• **Task data**:
- - - - -

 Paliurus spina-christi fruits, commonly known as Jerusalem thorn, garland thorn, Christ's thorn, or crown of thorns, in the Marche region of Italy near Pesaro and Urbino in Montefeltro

- - - - -

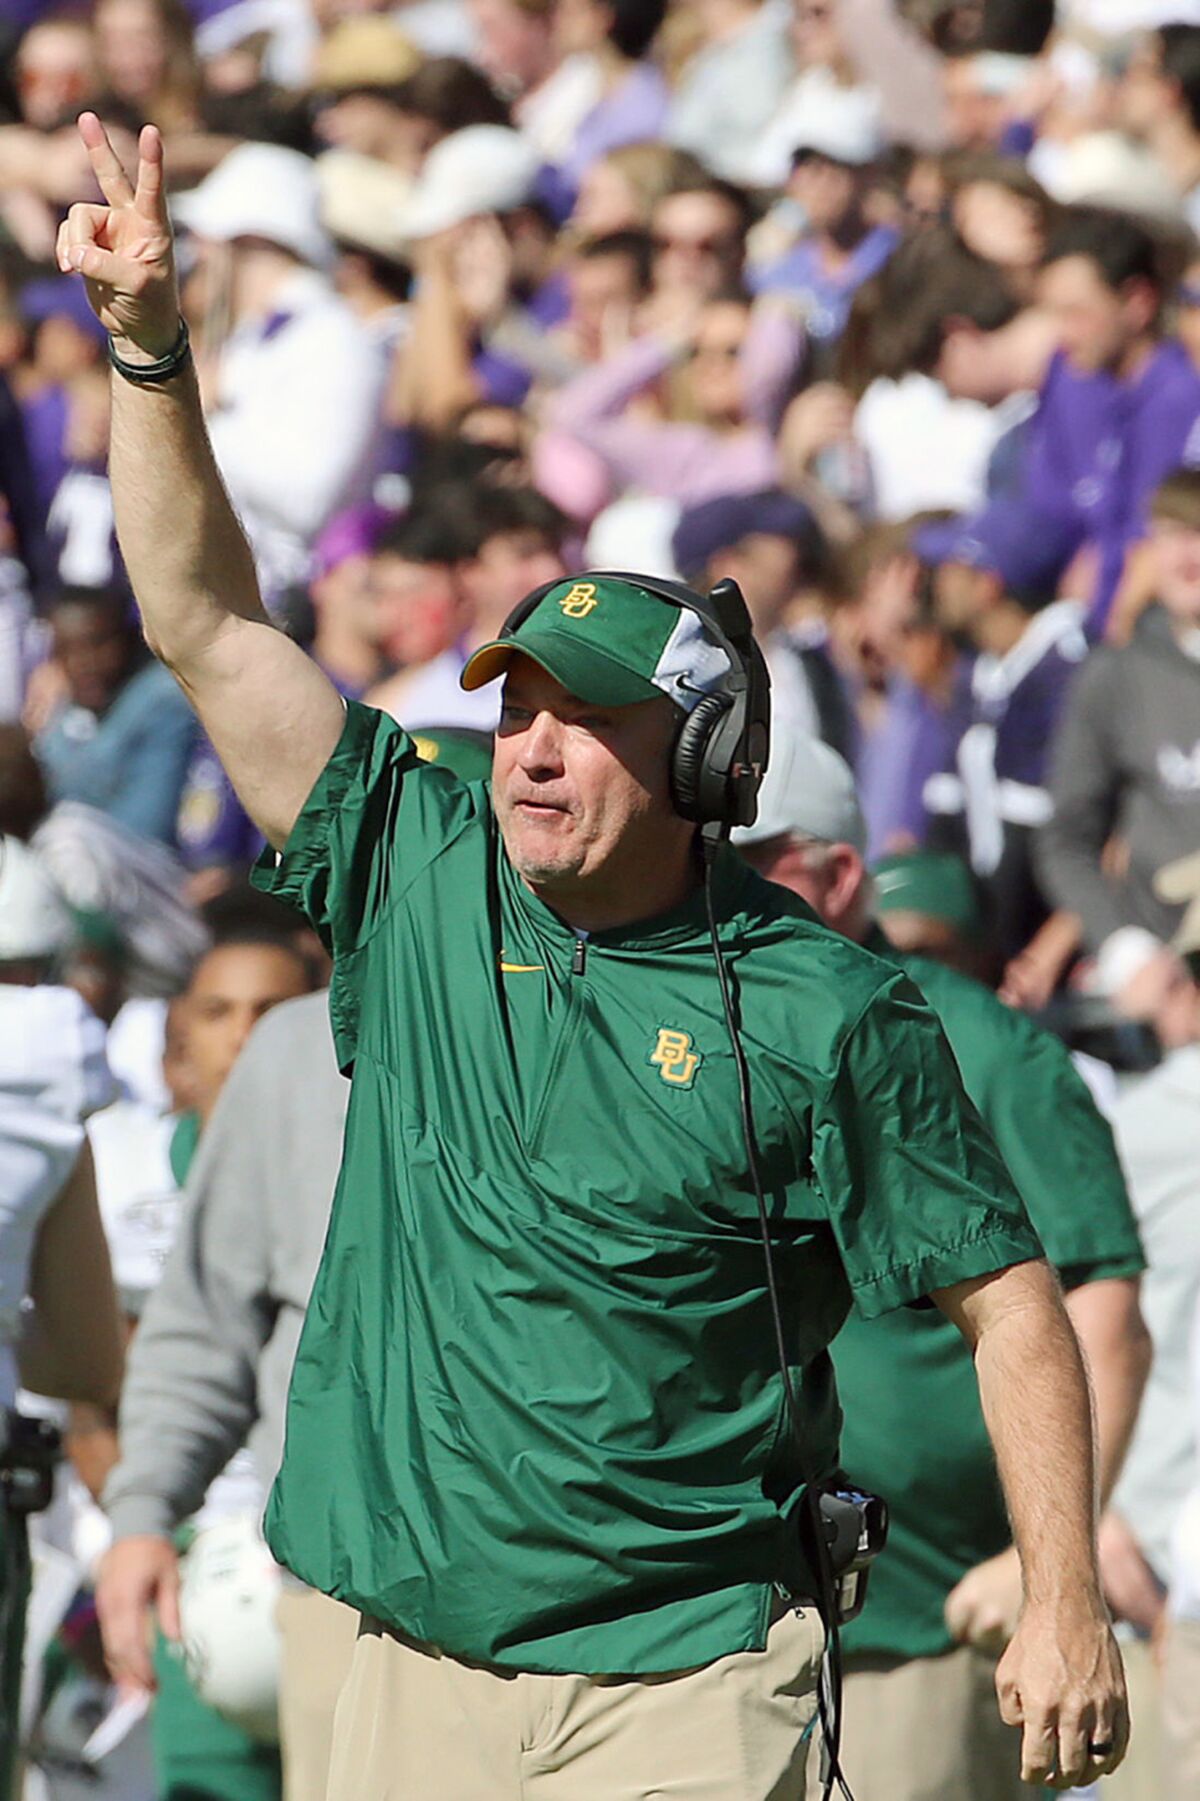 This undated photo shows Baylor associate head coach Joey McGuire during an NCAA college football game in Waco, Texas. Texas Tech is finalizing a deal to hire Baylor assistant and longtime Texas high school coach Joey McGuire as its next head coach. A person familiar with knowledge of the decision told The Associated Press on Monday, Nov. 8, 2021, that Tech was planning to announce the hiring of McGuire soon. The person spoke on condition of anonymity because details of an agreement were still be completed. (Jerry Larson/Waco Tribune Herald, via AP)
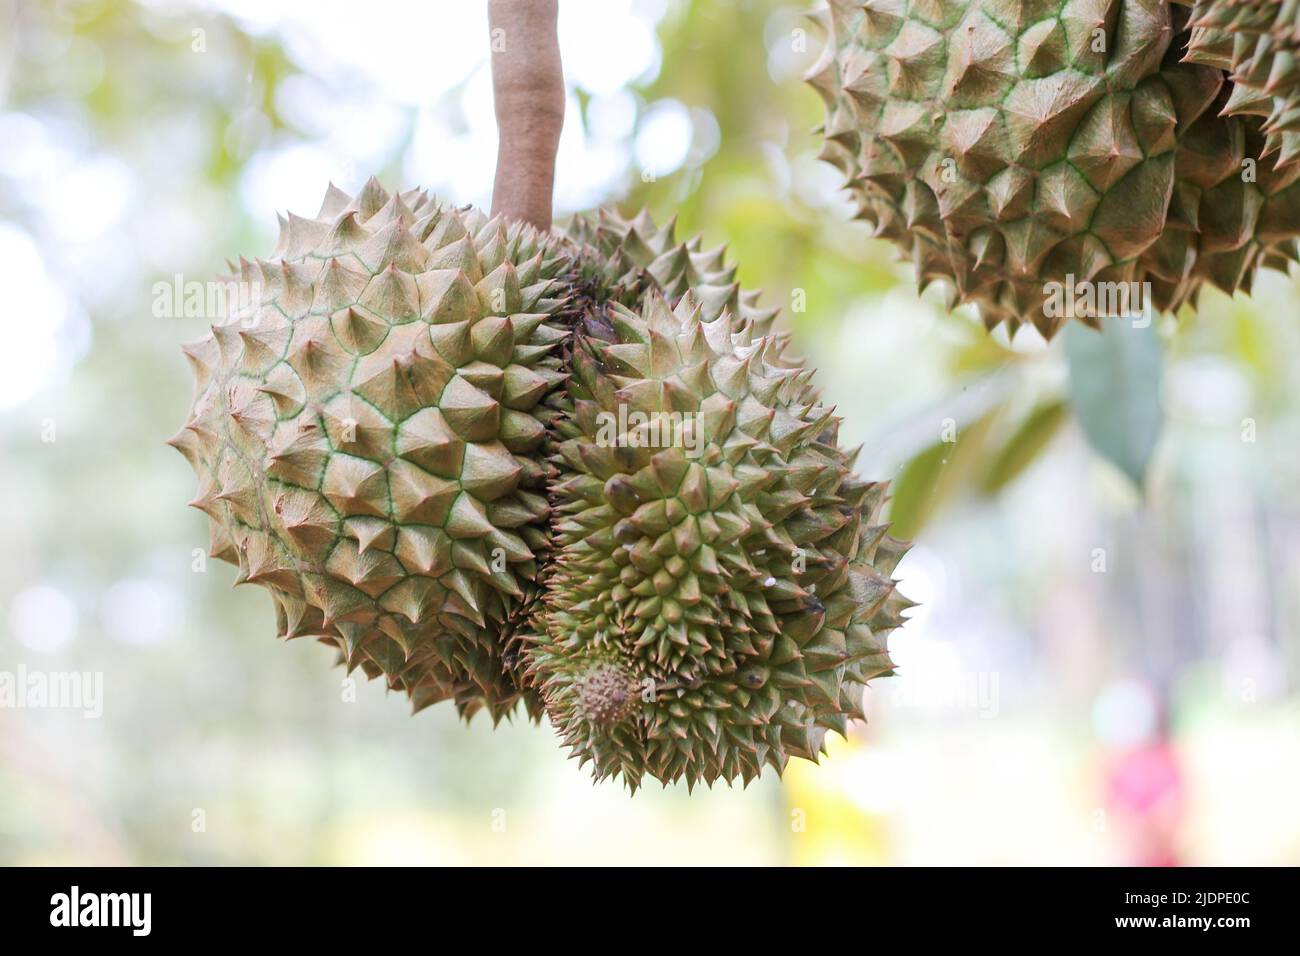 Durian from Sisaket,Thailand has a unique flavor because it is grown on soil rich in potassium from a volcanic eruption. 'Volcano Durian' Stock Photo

- - - - -

• **Problem to work on**:
Extract, without any images, the part of the material above that opens with the line containing "This undated photo" and closes with the line containing "Durian from Sisaket,Thailand", both lines included.

• **Exercise answer**:
 This undated photo shows Baylor associate head coach Joey McGuire during an NCAA college football game in Waco, Texas. Texas Tech is finalizing a deal to hire Baylor assistant and longtime Texas high school coach Joey McGuire as its next head coach. A person familiar with knowledge of the decision told The Associated Press on Monday, Nov. 8, 2021, that Tech was planning to announce the hiring of McGuire soon. The person spoke on condition of anonymity because details of an agreement were still be completed. (Jerry Larson/Waco Tribune Herald, via AP)
 Durian from Sisaket,Thailand has a unique flavor because it is grown on soil rich in potassium from a volcanic eruption. 'Volcano Durian' Stock Photo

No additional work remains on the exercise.